Kim me tire en arrière et me plaque contre le mur de la maison, où je sens sous mes doigts la sève pulser. Le rythme s'accélère avec l'intensité des cris de douleur des combattants. Des griffes et des épées fendent la chair, des gerbes de sang giclent pendant que des dents brisent des os avec un claquement sonore. Des rugissements de victoire éclatent.

Kim qui se tient devant moi, se déplace à présent sur le côté. Une dizaine de corps baignent dans une mare de sang. L'Église est à nouveau battue. Je me place à hauteur de mon garde du corps et, imitant sa posture, je croise mes bras sur la poitrine. Le toucher du synthétissu me semble répugnant après celui de l'écorce. Et une idée se fait jour dans mon esprit, dérangeante : ici, l'Église est mon ennemie. Un froid sinistre s'empare de moi. Pour le chasser, je m'approche de Grand Lion qui se tient assis sur un toit bas voisin. Un plissement de ses grands yeux attentifs me salue. Je sens Kim relâcher ses bras à côté de moi. Il est ainsi plus près d'intervenir si besoin.

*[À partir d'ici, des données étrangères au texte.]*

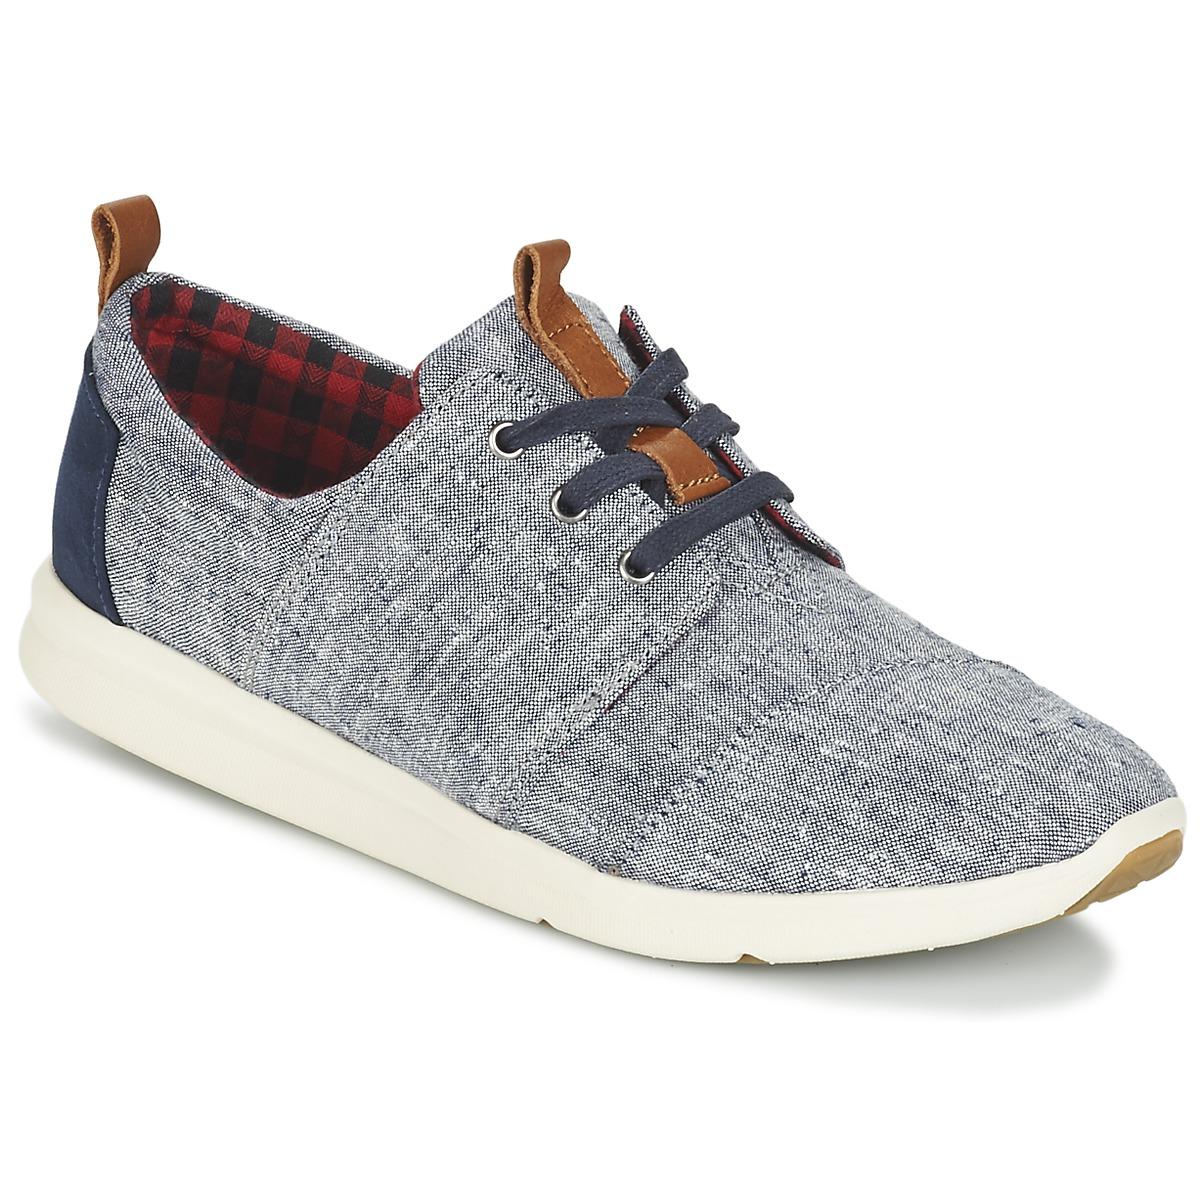 Toms Sneaker DEL REY - broschei

Je ne quitte pas le maître de la ville des yeux. Comme mon garde du corps que je sens se relâcher, je comprends qu'il ne nous attaquera plus. Si l'Église est mon ennemie, il est mon allié. Et il est probable qu'il ait fait le même raisonnement. J'aimerais avoir son avis sur ces attaques, sur la présence des moines dans les limes, sur la destruction des tableaux. J'ouvre la bouche quand un mouvement rompt le silence qui s'était abattu sur la ville.

Accompagné d'un nuage d'irthe se soulevant dans un crissement de ses chaussures, un homme arrive en boitillant quelque peu. Je reconnais mon opposant de La Lorgnette même si je ne vois pas comment j'aurai pu le blesser à la jambe. Il a dû revenir à lui avant la fin des combats et y participer. Je souris à l'idée de cette vitalité, sourire qui s'élargit à la vue de l'homme qui le suit. Le messager au paquet.

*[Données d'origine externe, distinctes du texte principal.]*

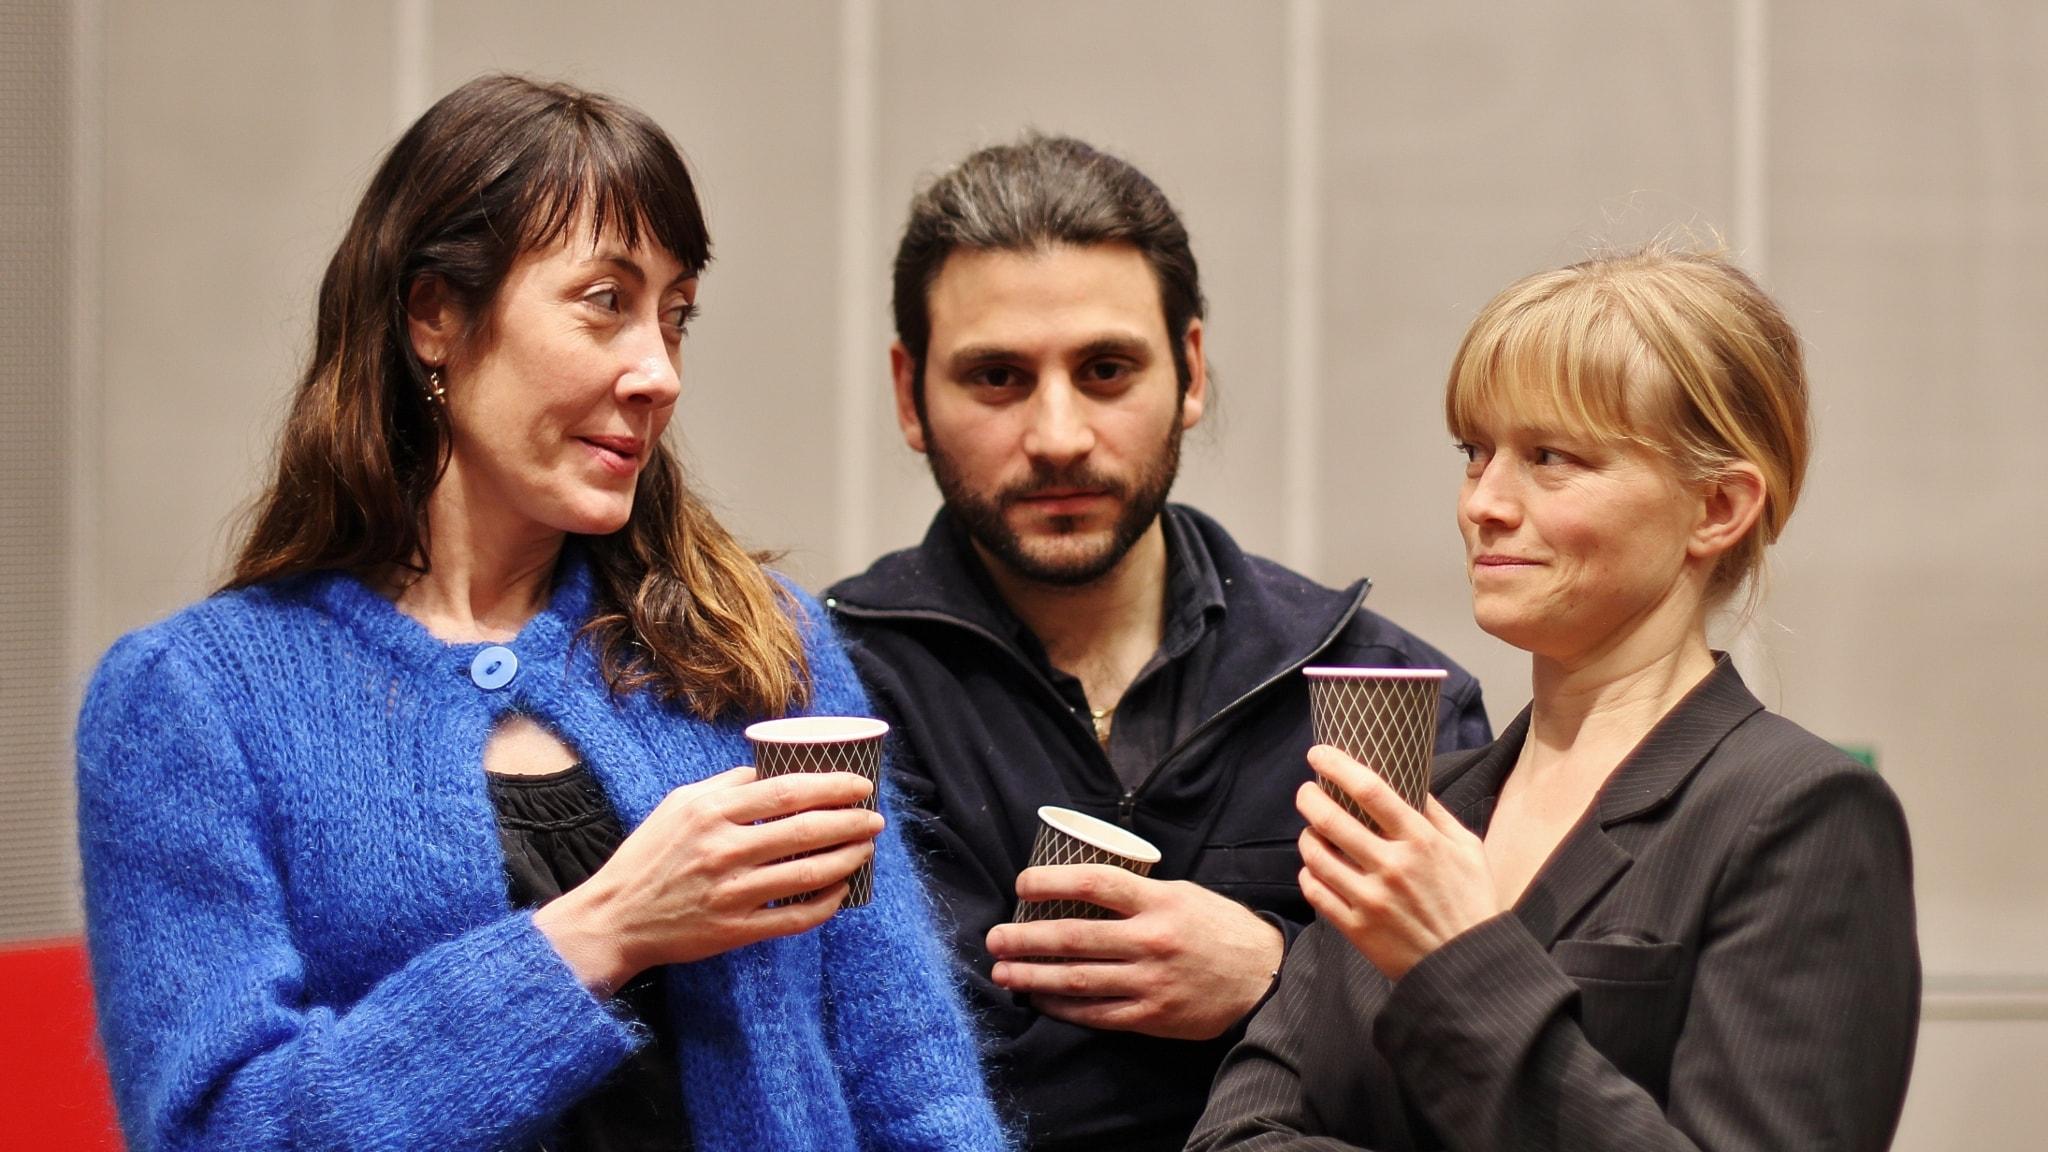 Möjliga samtal: Vem är det som bjuder på fika? av Daniel Boyacioglu

Le fils du chef me rend mon sourire, créant une fraternité de frères d'armes ou de frère tout court. Ses yeux pétillent quand il laisse le messager s'avancer pour me tendre l'objet de ma mission. Le temps que je le prenne et relève les yeux, la meute est partie. Je ressens comme un vide tout en suivant des yeux l'homme efflanqué qui s'éloigne après un signe de tête.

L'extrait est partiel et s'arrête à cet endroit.